• Work required: Without the pictures, copy all of the data exactly.

*** Given information Section Begins ***

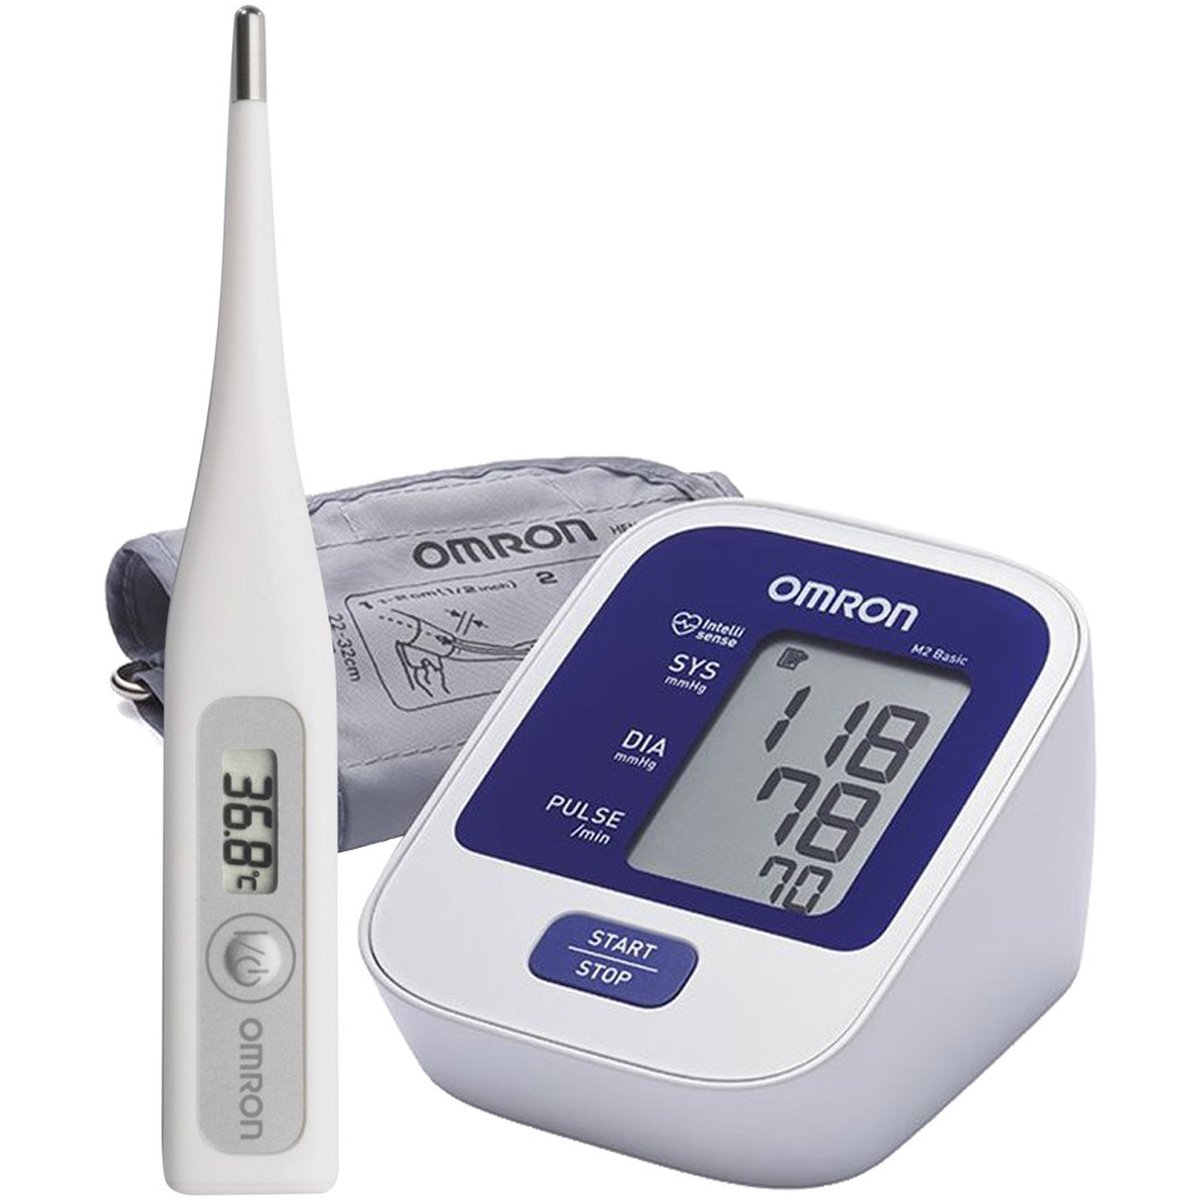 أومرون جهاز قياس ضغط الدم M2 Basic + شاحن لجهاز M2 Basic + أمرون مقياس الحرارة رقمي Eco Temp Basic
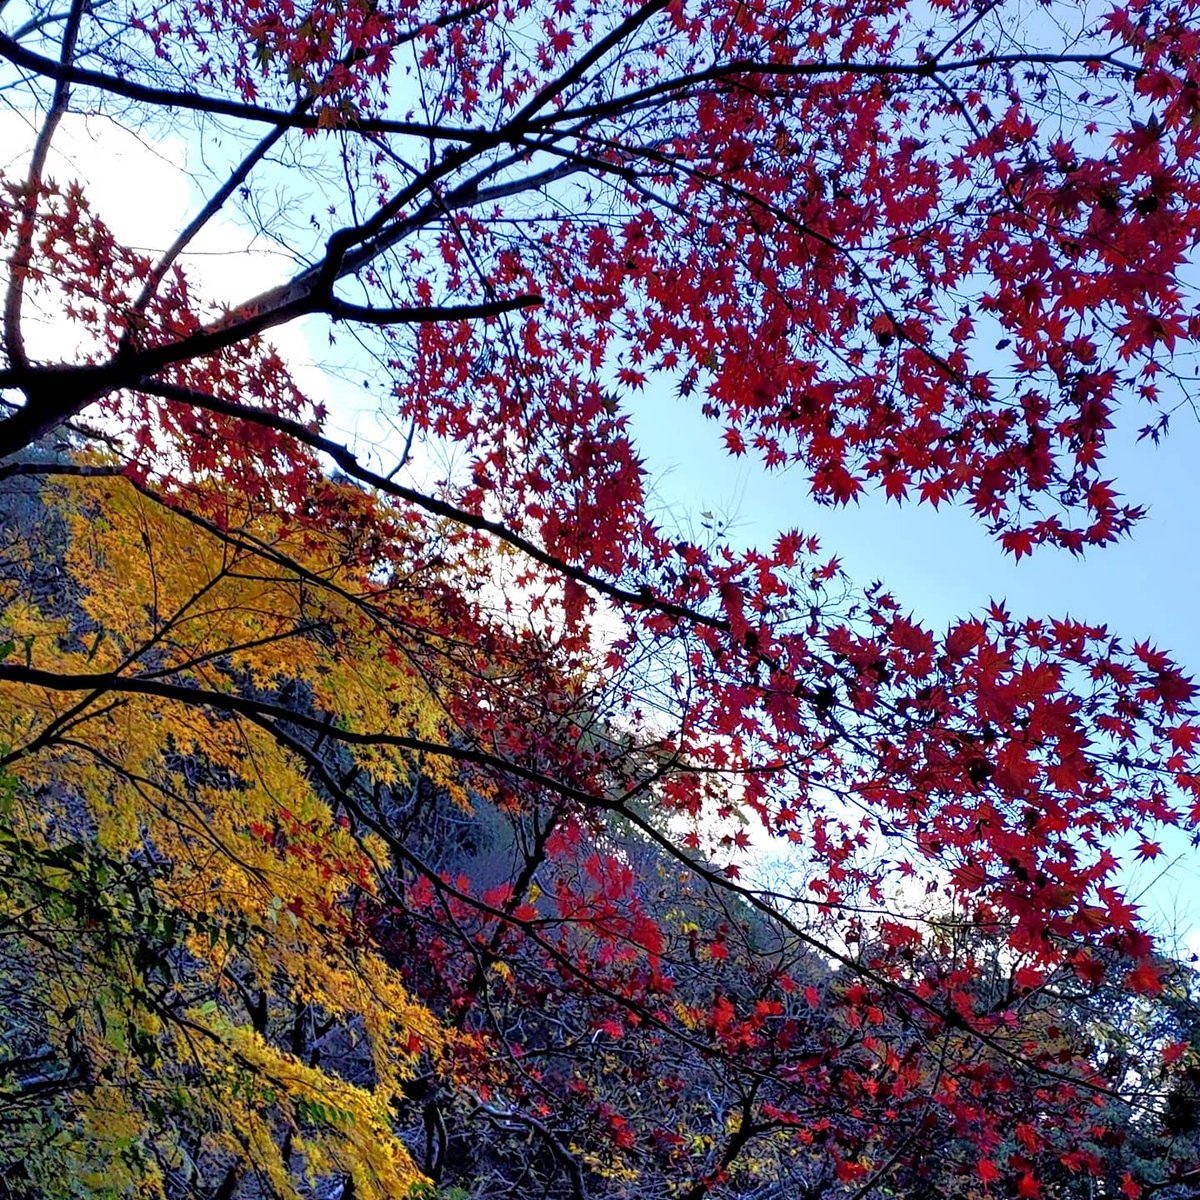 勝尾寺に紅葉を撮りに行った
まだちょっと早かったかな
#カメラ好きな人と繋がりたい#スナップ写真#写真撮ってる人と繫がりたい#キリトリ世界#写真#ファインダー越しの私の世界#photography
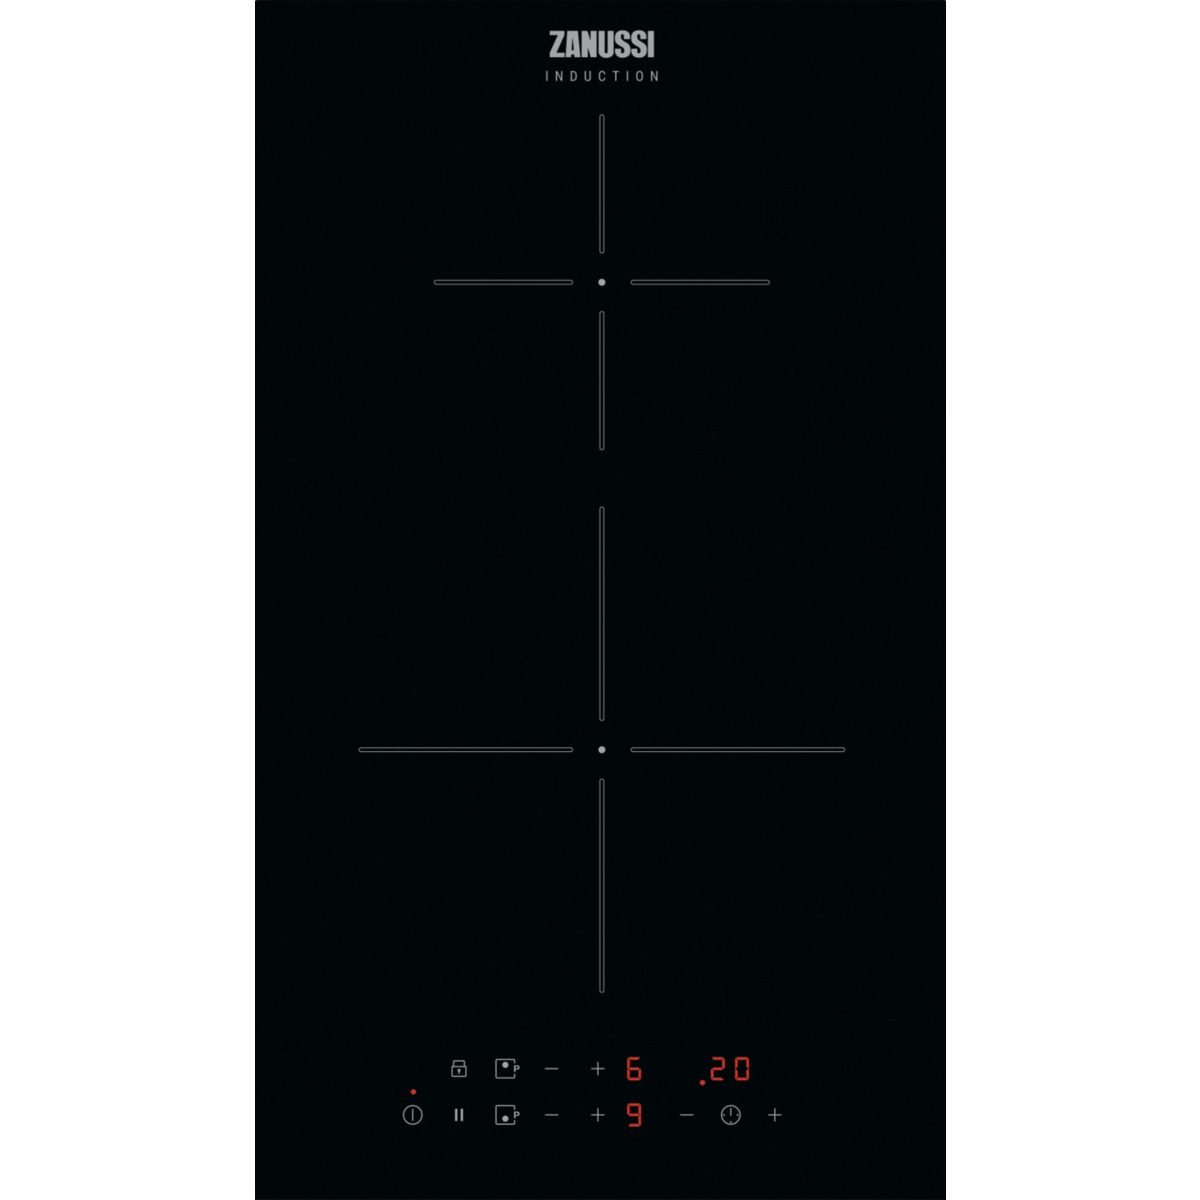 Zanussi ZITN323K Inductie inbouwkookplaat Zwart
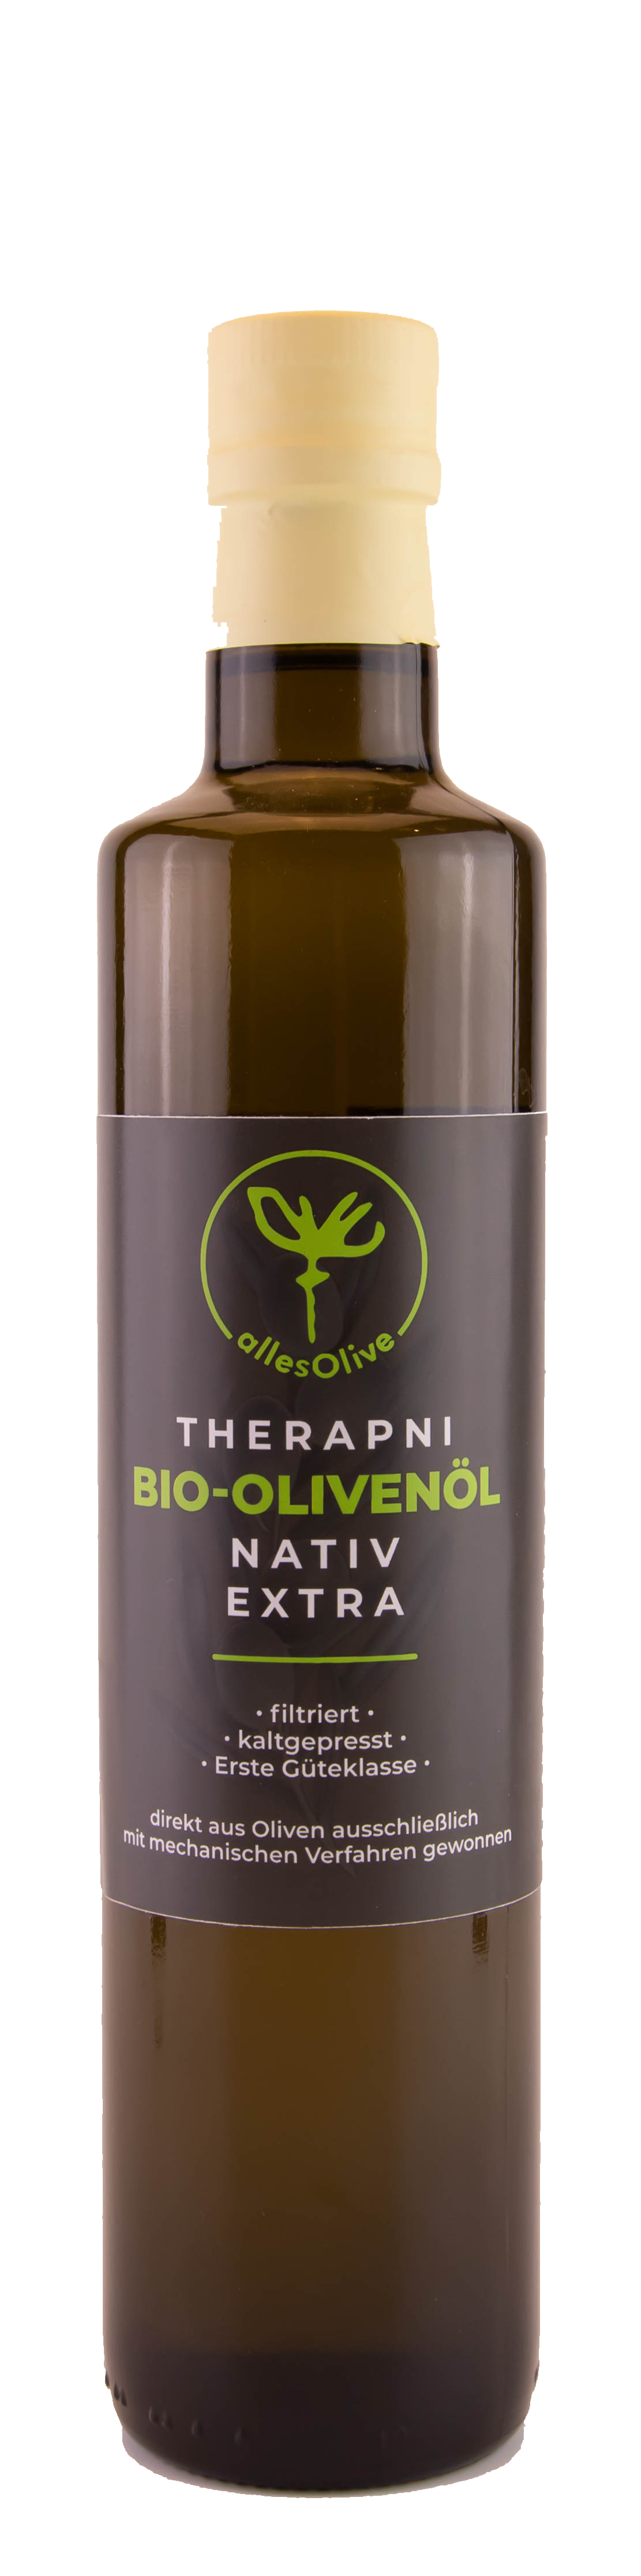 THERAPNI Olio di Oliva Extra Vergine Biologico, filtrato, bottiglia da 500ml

*** Given information Section Ends ***

• Your response:
 أومرون جهاز قياس ضغط الدم M2 Basic + شاحن لجهاز M2 Basic + أمرون مقياس الحرارة رقمي Eco Temp Basic
 勝尾寺に紅葉を撮りに行った
まだちょっと早かったかな
#カメラ好きな人と繋がりたい#スナップ写真#写真撮ってる人と繫がりたい#キリトリ世界#写真#ファインダー越しの私の世界#photography
 Zanussi ZITN323K Inductie inbouwkookplaat Zwart
 THERAPNI Olio di Oliva Extra Vergine Biologico, filtrato, bottiglia da 500ml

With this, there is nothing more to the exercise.